Burkina Faso, Mali en Niger hebben gezamenlijk aangekondigd zich terug te trekken uit het Internationaal Strafhof (ICC) in Den Haag.
De militaire leiders van deze West-Afrikaanse landen beschouwen het ICC als een "instrument van neokoloniale onderdrukking" en verwijten het hof selectieve rechtspraak. Volgens generaal Assimi Goïta, interim-president van Mali, faalt het ICC in het adequaat behandelen van oorlogsmisdaden en misdaden tegen de menselijkheid. De drie landen, die sinds militaire coups worden geleid door junta’s met nauwe banden met Rusland, hebben eerder ook hun samenwerking met Frankrijk en Ecowas beëindigd.
Sinds 2023 vormen ze de Alliantie van Sahellanden (AES), gericht op militaire samenwerking en eigen rechtspraak. Ze willen een eigen strafhof oprichten om terreur en misdaden tegen de menselijkheid te vervolgen. Het vertrek uit het ICC betekent niet het verlies van vertrouwen in internationaal recht; recent diende Mali nog een klacht in bij het Internationaal Gerechtshof.
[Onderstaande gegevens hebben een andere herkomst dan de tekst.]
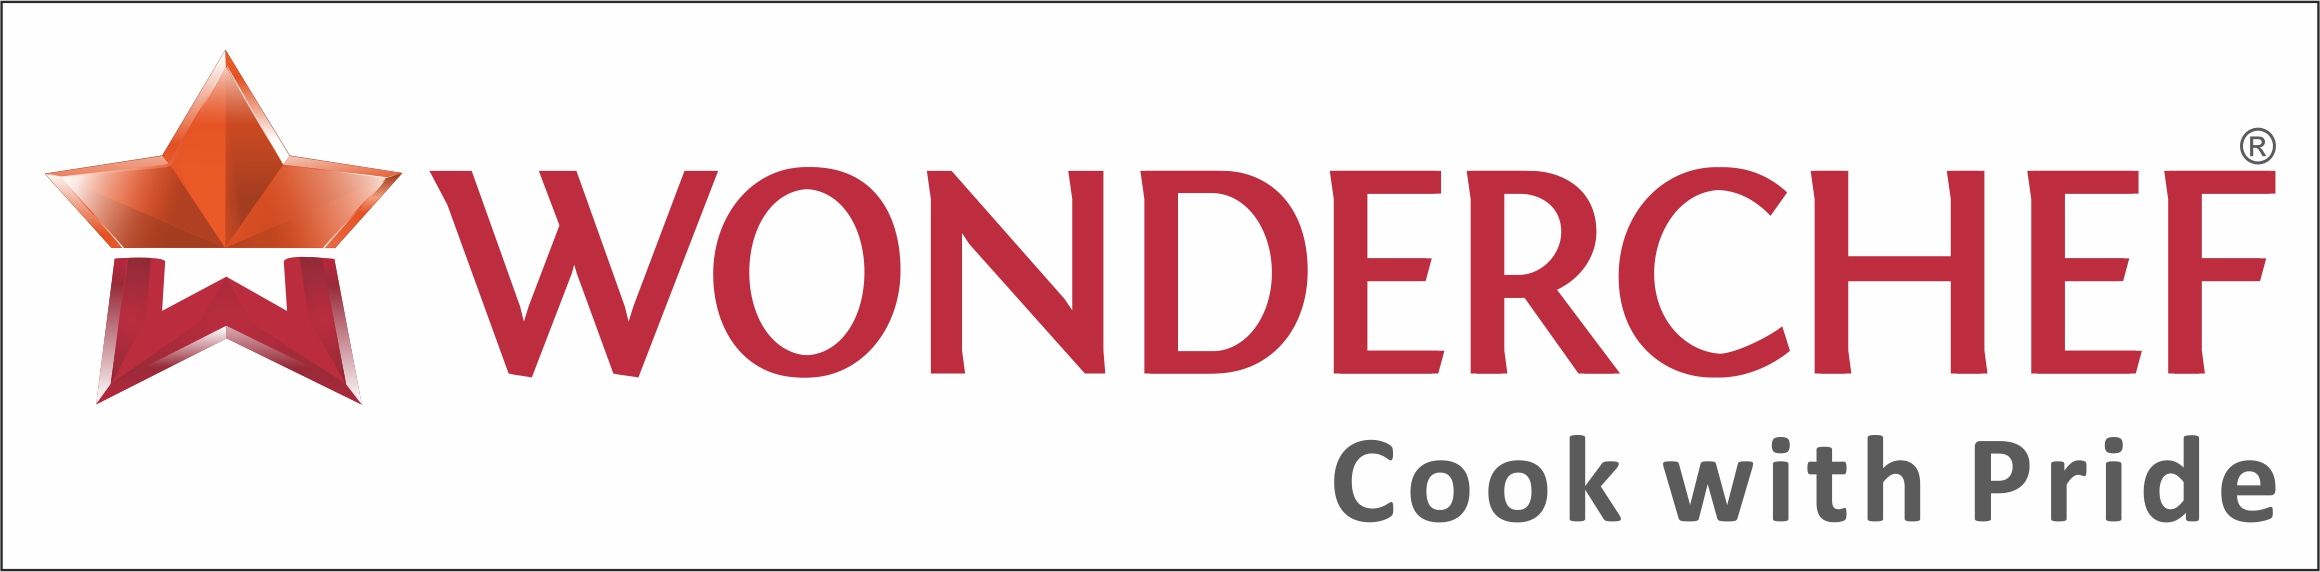 Wonderchef logo

Het ICC onderzoekt al sinds 2013 oorlogsmisdaden in Mali en vaardigde een arrestatiebevel uit tegen een leider van een islamitische rebellengroep. Burkina Faso, Mali en Niger zijn al ruim twintig jaar lid van het hof, maar hun vertrek zal minstens een jaar duren. Wereldwijd blijven 123 landen verbonden aan het ICC.